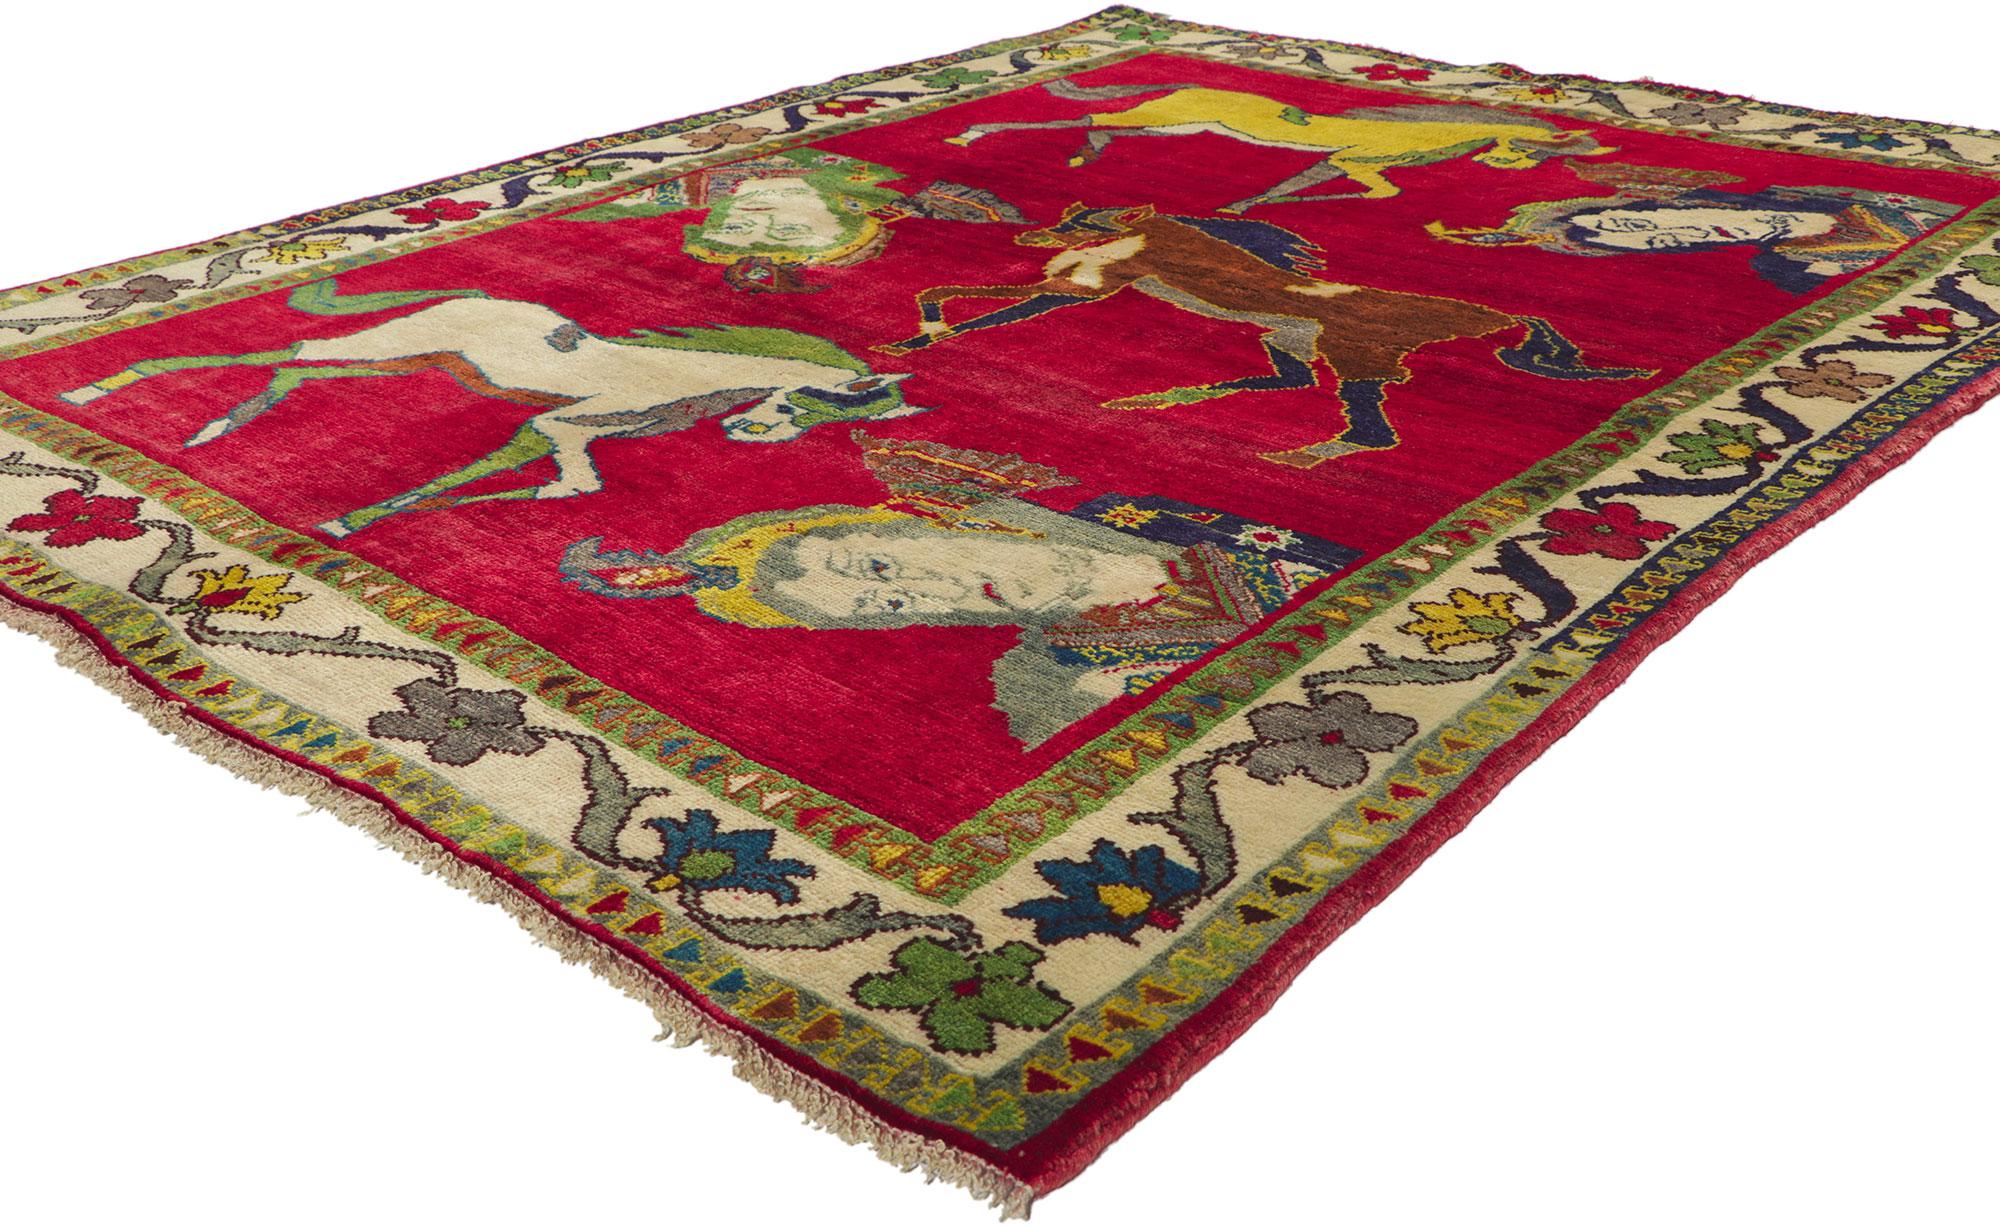 61033 Vintage Persian Shiraz Bildteppich, 04'11 x 06'06.
Begeben Sie sich auf eine skurrile Eskapade, bei der sich globaler Chic und nomadischer Charme in diesem handgeknüpften persischen Shiraz-Teppich aus Wolle treffen - ein Stammesteppich, der
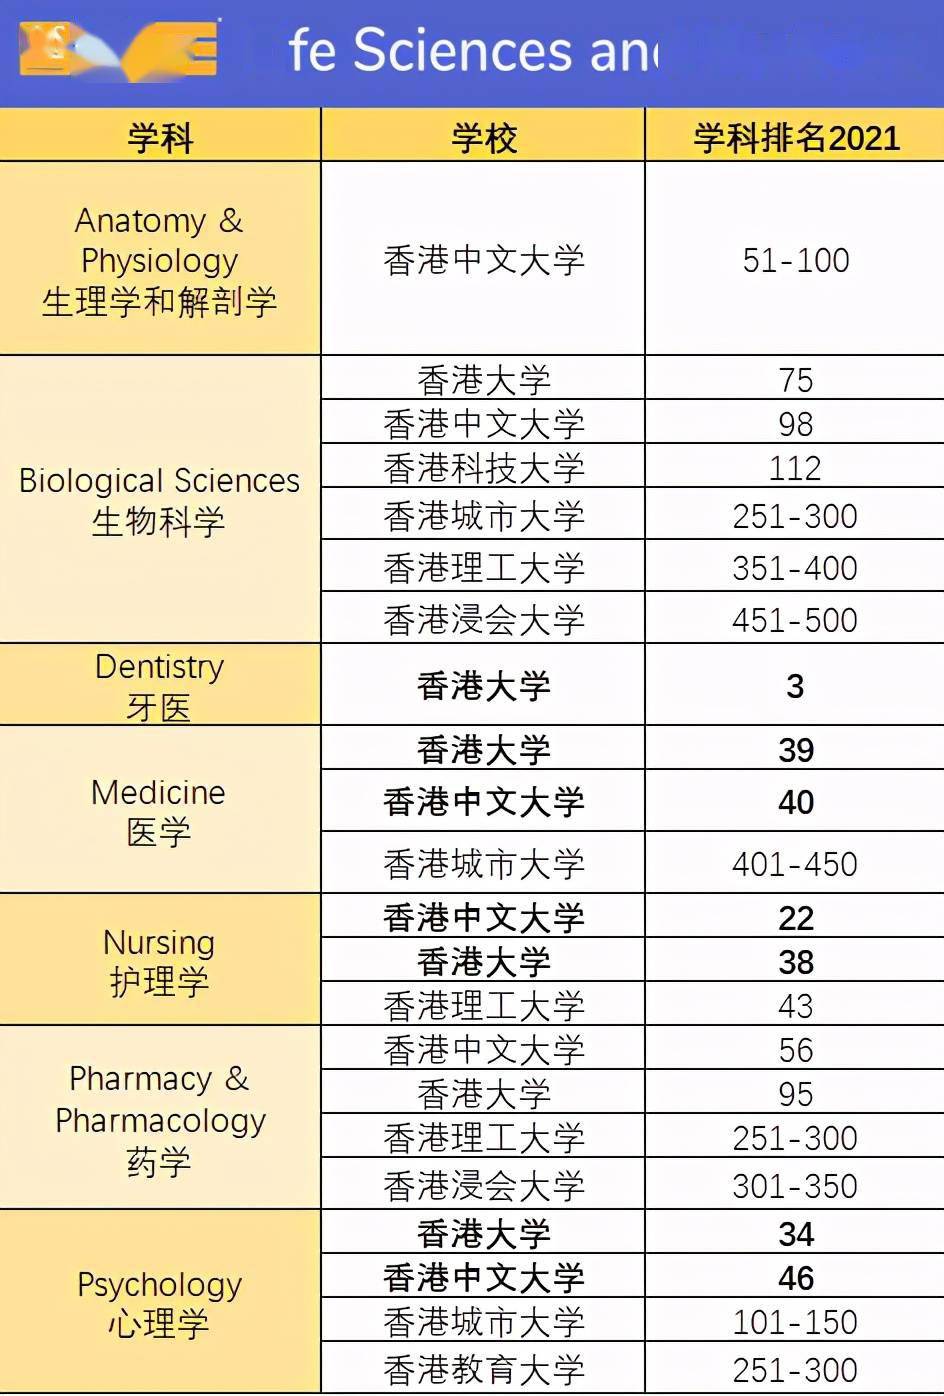 香港留学 | 2021年qs世界大学学科排名
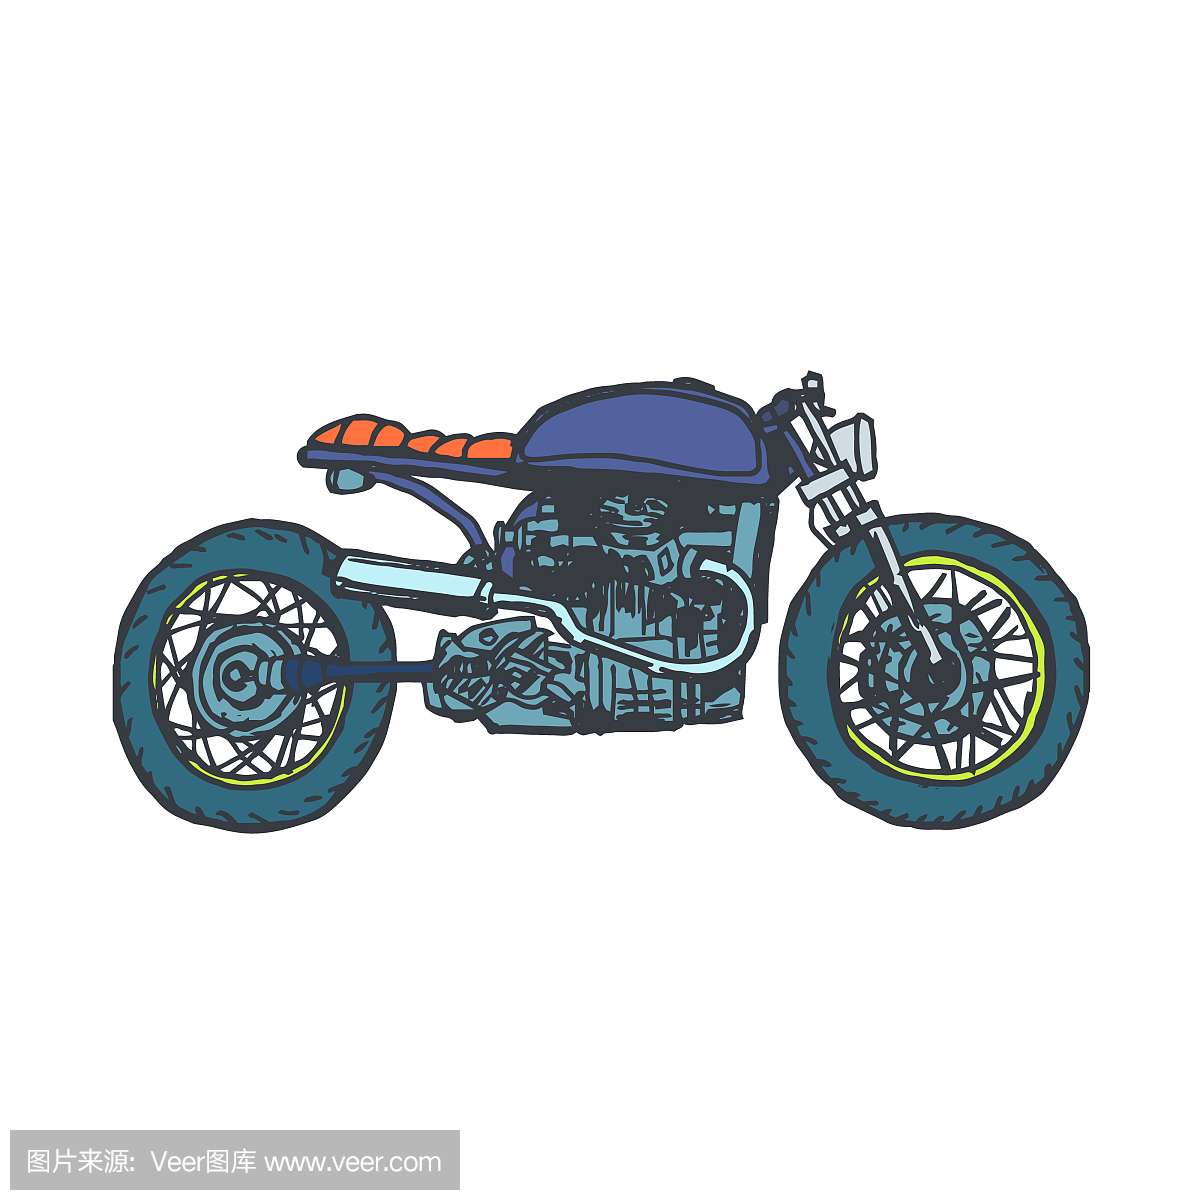 手绘复古摩托车矢量logo设计模板。自行车或摩

**********

The task - Word for word, print the material above, but without its pictures.

Output for this exercise -
 61033 Vintage Persian Shiraz Bildteppich, 04'11 x 06'06.
Begeben Sie sich auf eine skurrile Eskapade, bei der sich globaler Chic und nomadischer Charme in diesem handgeknüpften persischen Shiraz-Teppich aus Wolle treffen - ein Stammesteppich, der
 香港留学 | 2021年qs世界大学学科排名
 手绘复古摩托车矢量logo设计模板。自行车或摩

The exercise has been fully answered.